▶ _TASK STATEMENT_
Word for word, output the data, with none of its pictures.

▶ _RAW DATA_

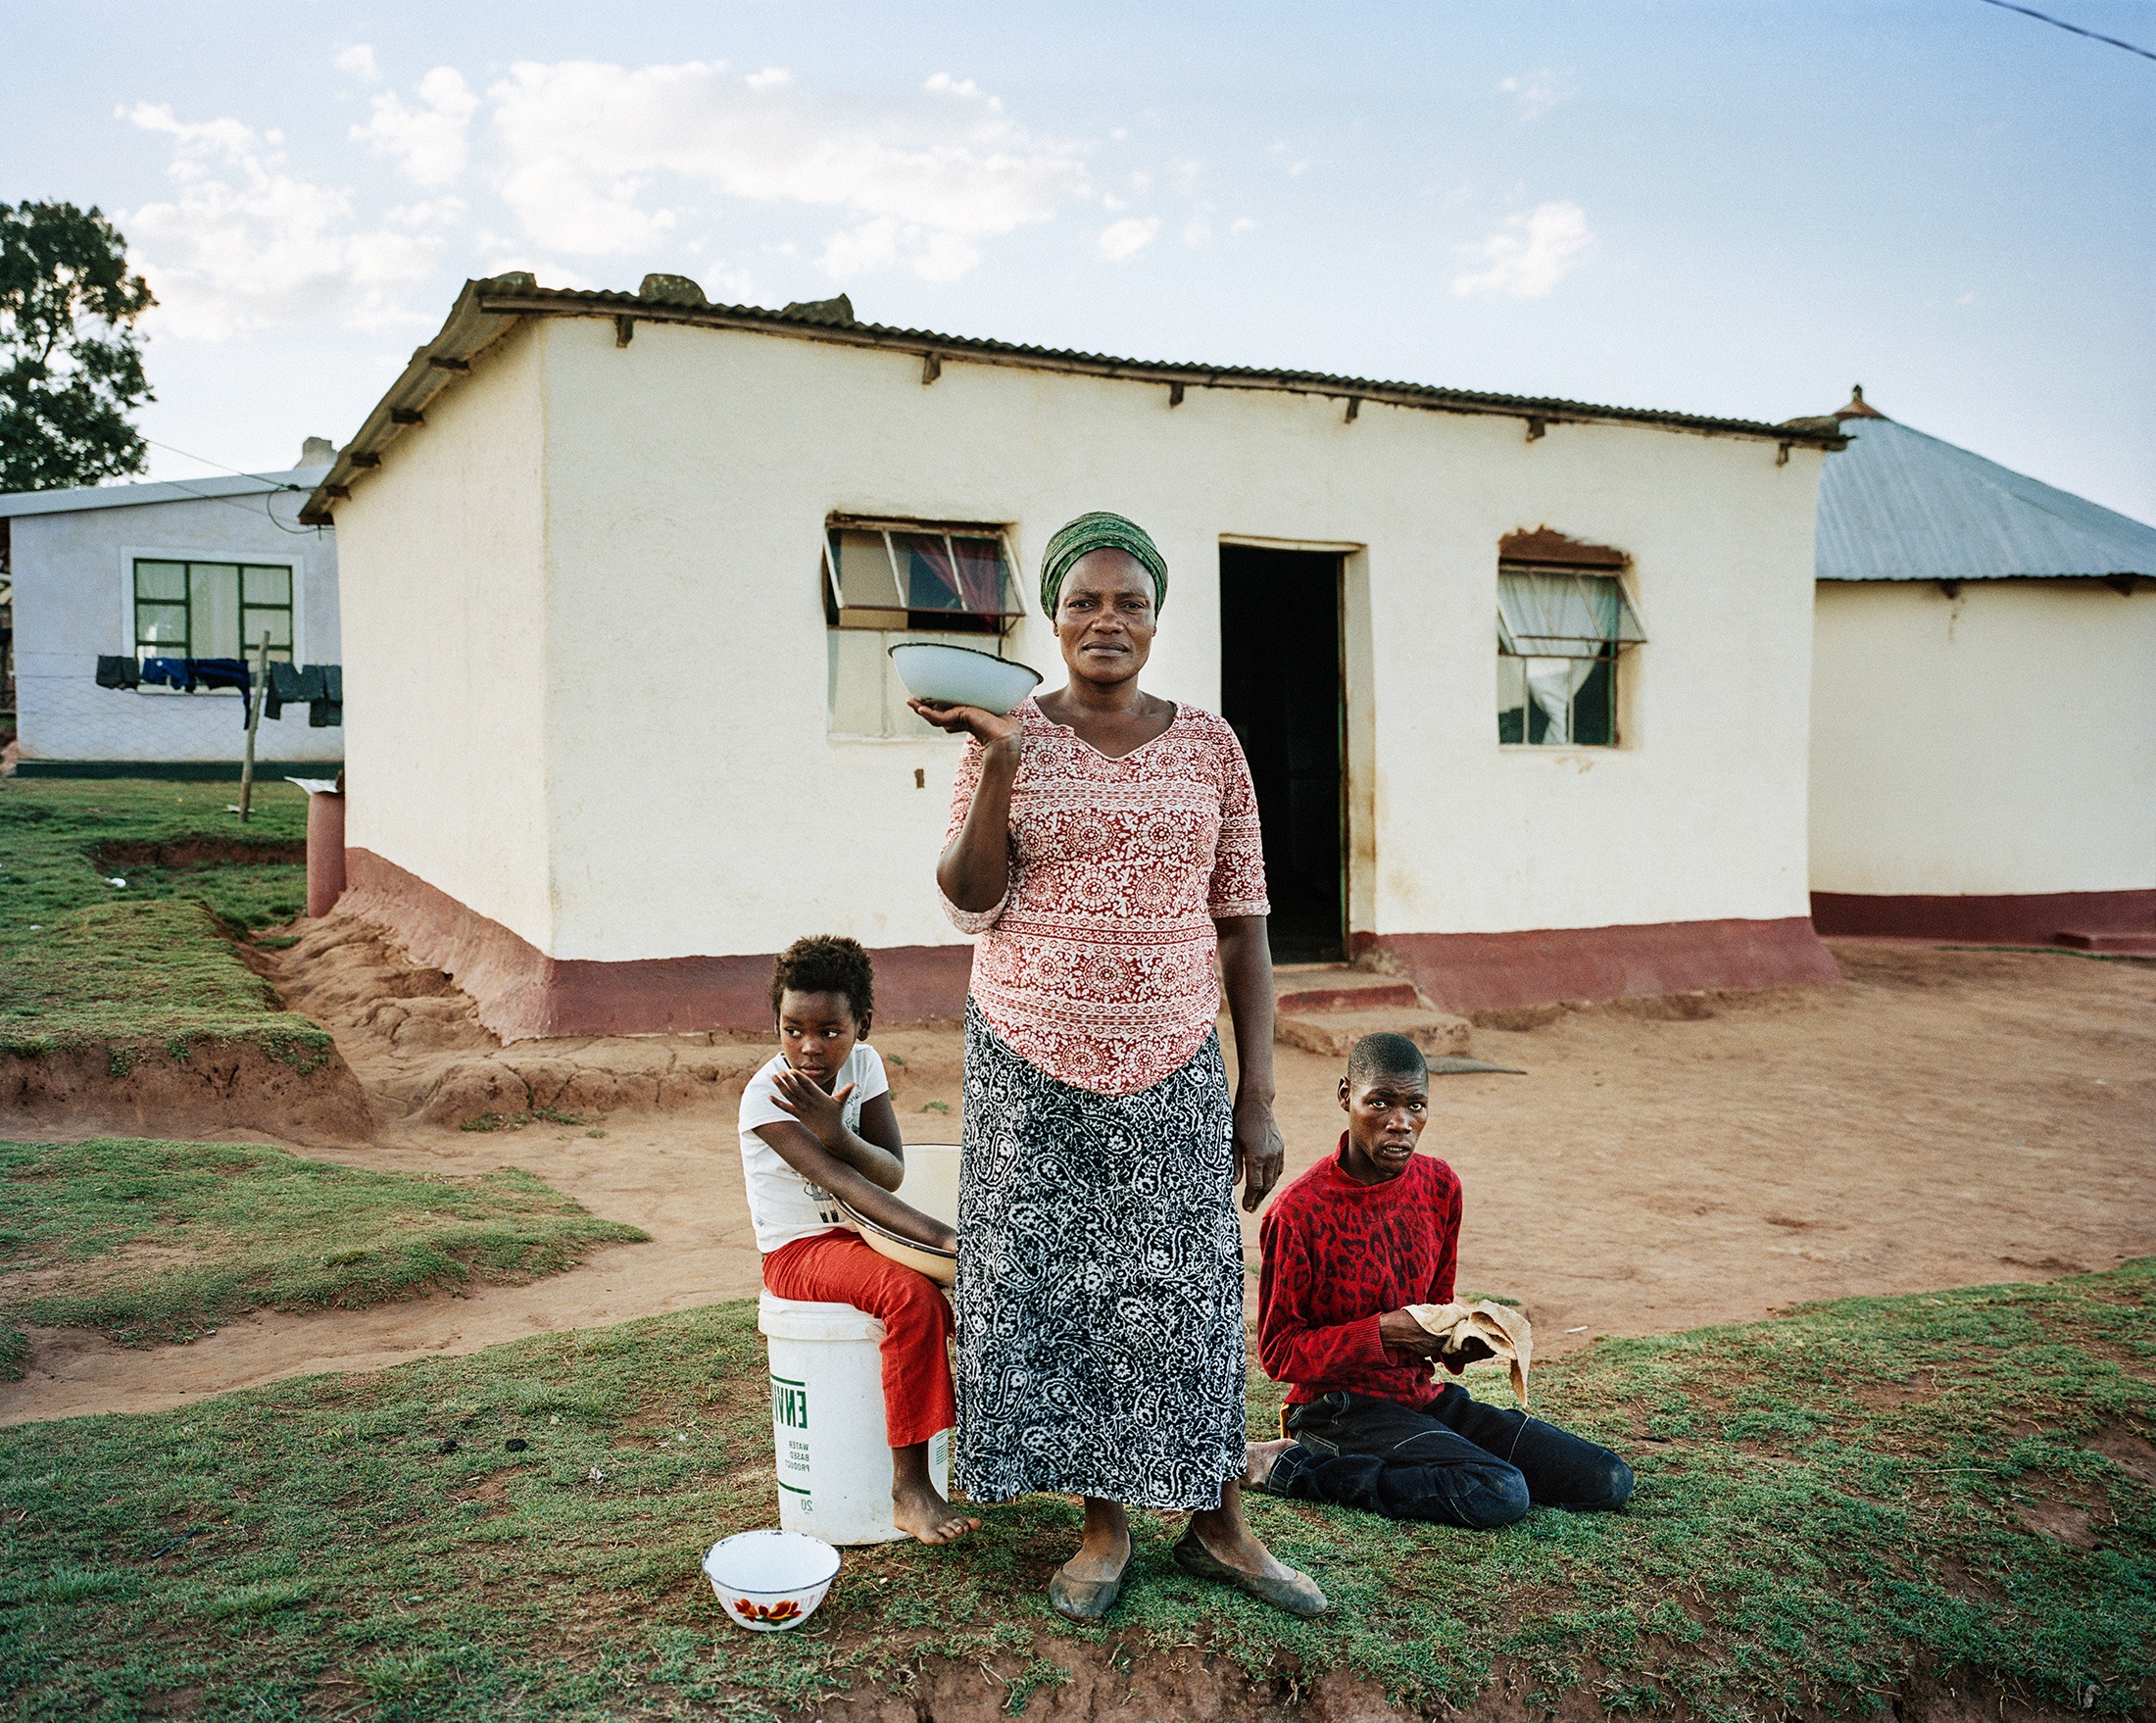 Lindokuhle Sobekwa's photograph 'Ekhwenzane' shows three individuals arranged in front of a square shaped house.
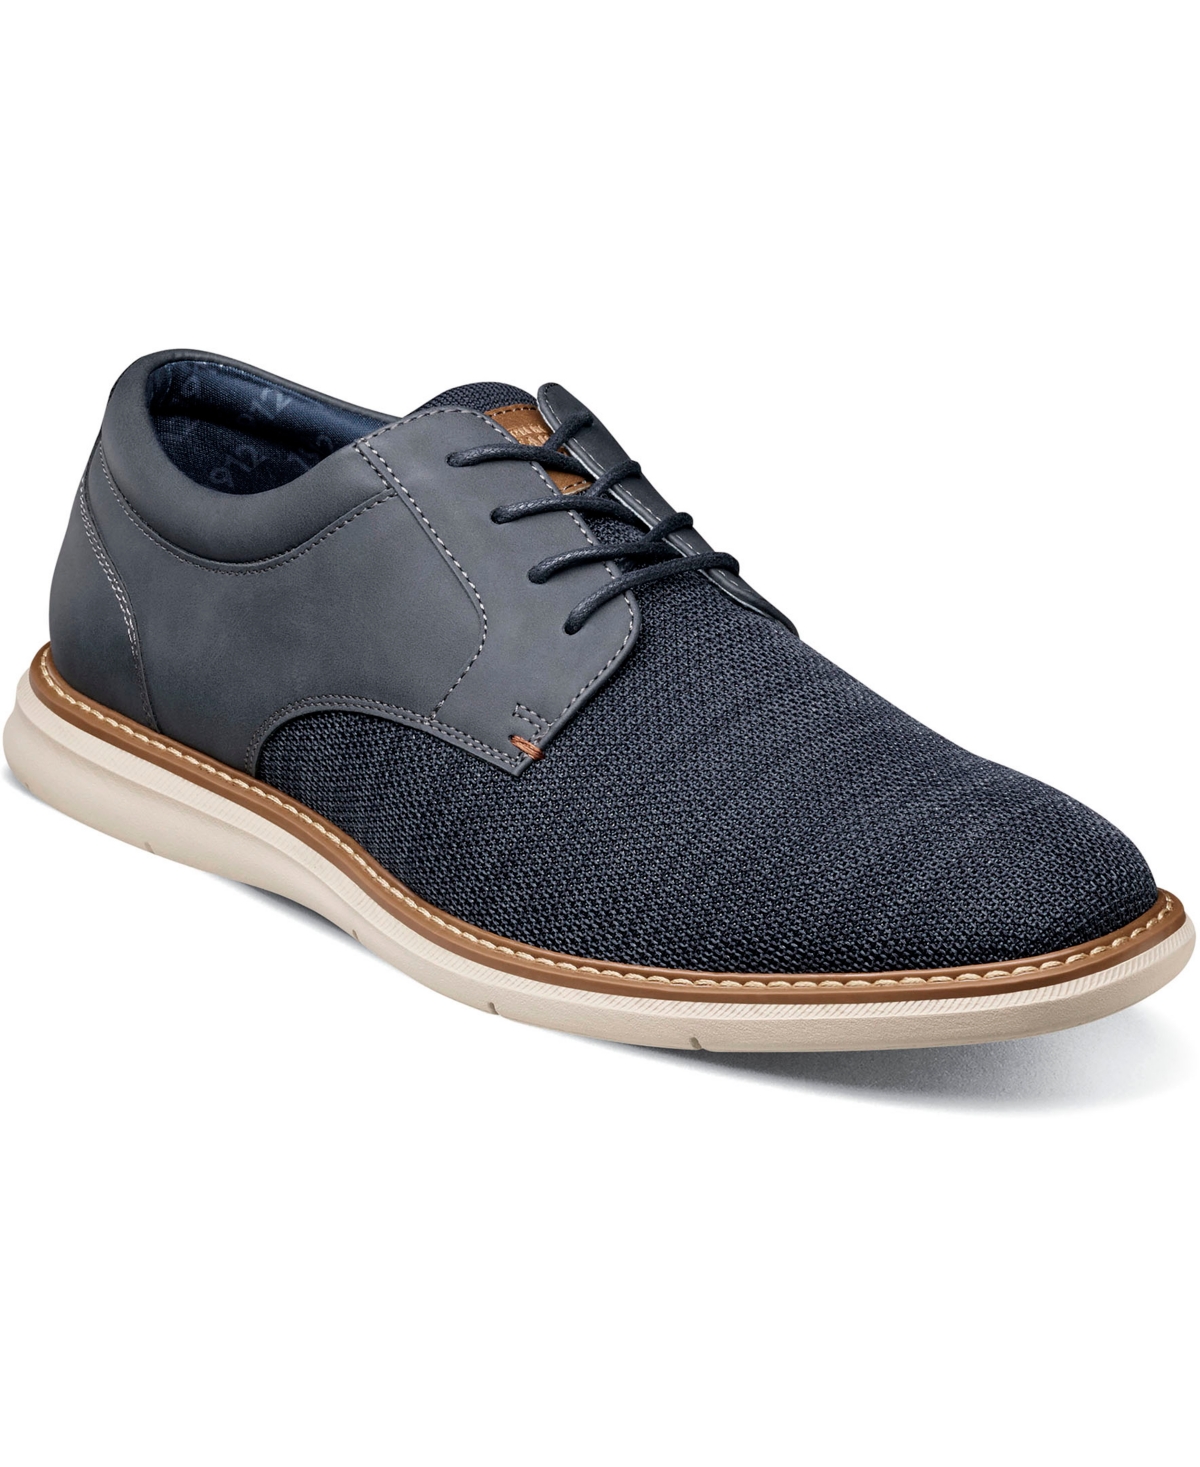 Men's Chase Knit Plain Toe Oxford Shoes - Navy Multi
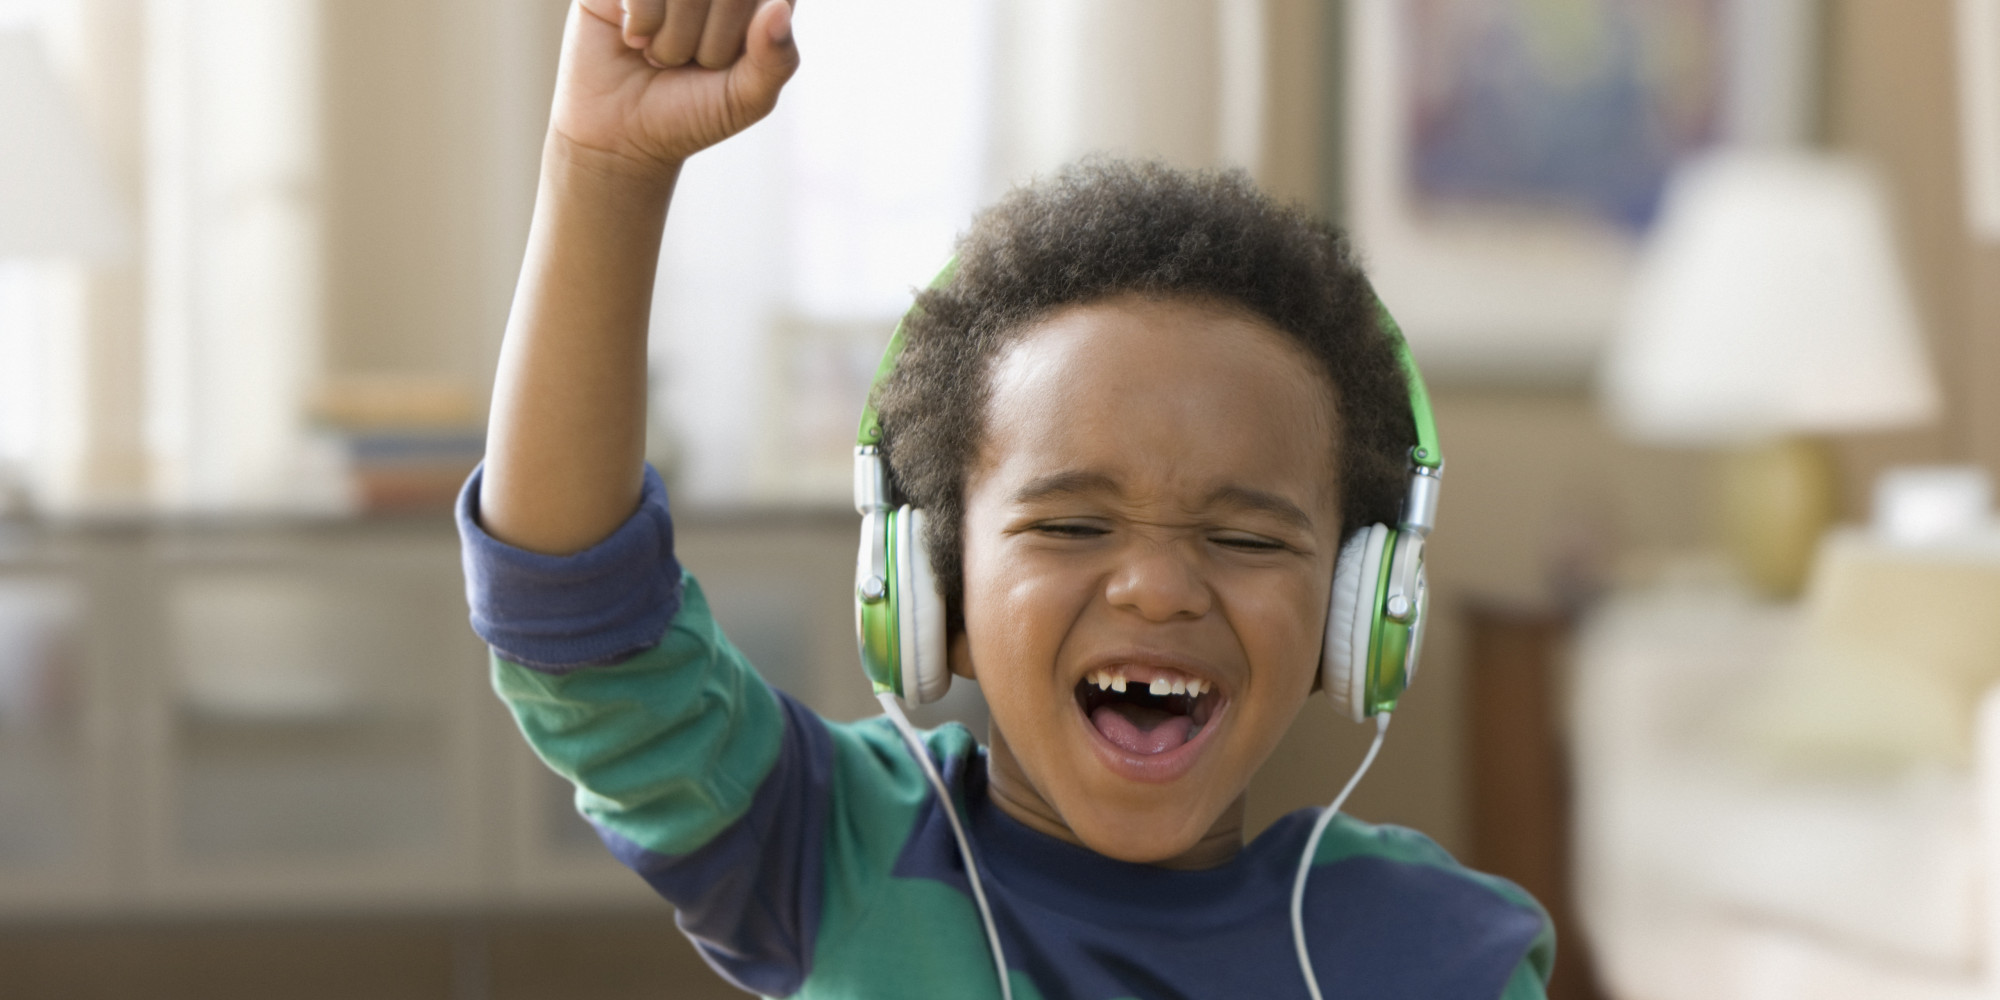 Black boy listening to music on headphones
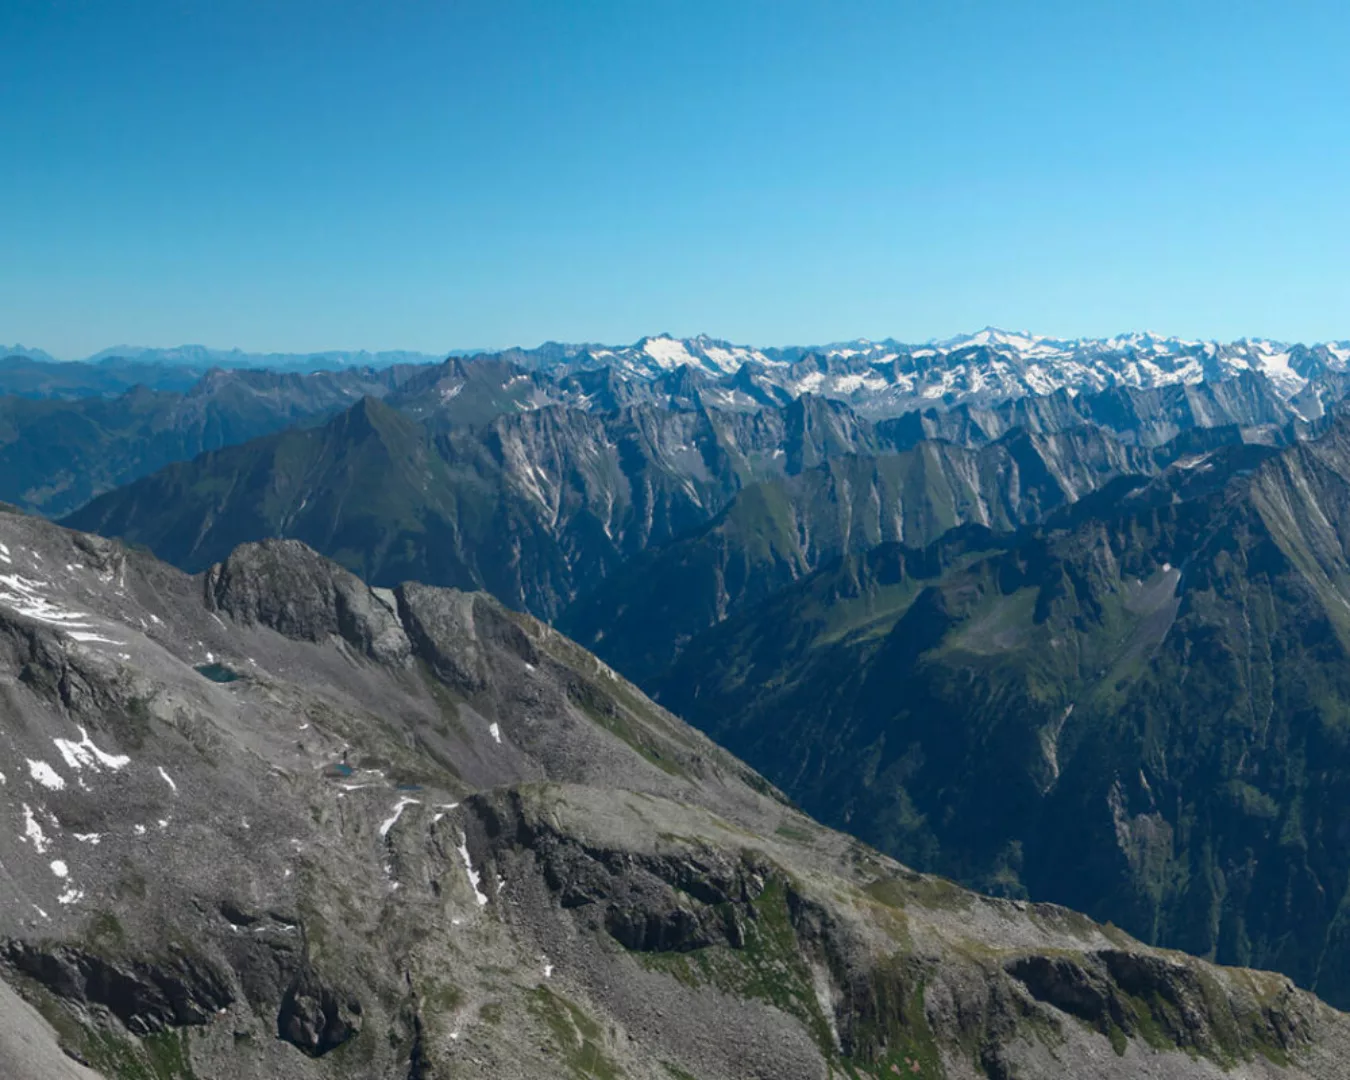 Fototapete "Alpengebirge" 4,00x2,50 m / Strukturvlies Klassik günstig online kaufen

▶ _REPLY_
 Lindokuhle Sobekwa's photograph 'Ekhwenzane' shows three individuals arranged in front of a square shaped house.
 Men's Chase Knit Plain Toe Oxford Shoes - Navy Multi
 Black boy listening to music on headphones
 Fototapete "Alpengebirge" 4,00x2,50 m / Strukturvlies Klassik günstig online kaufen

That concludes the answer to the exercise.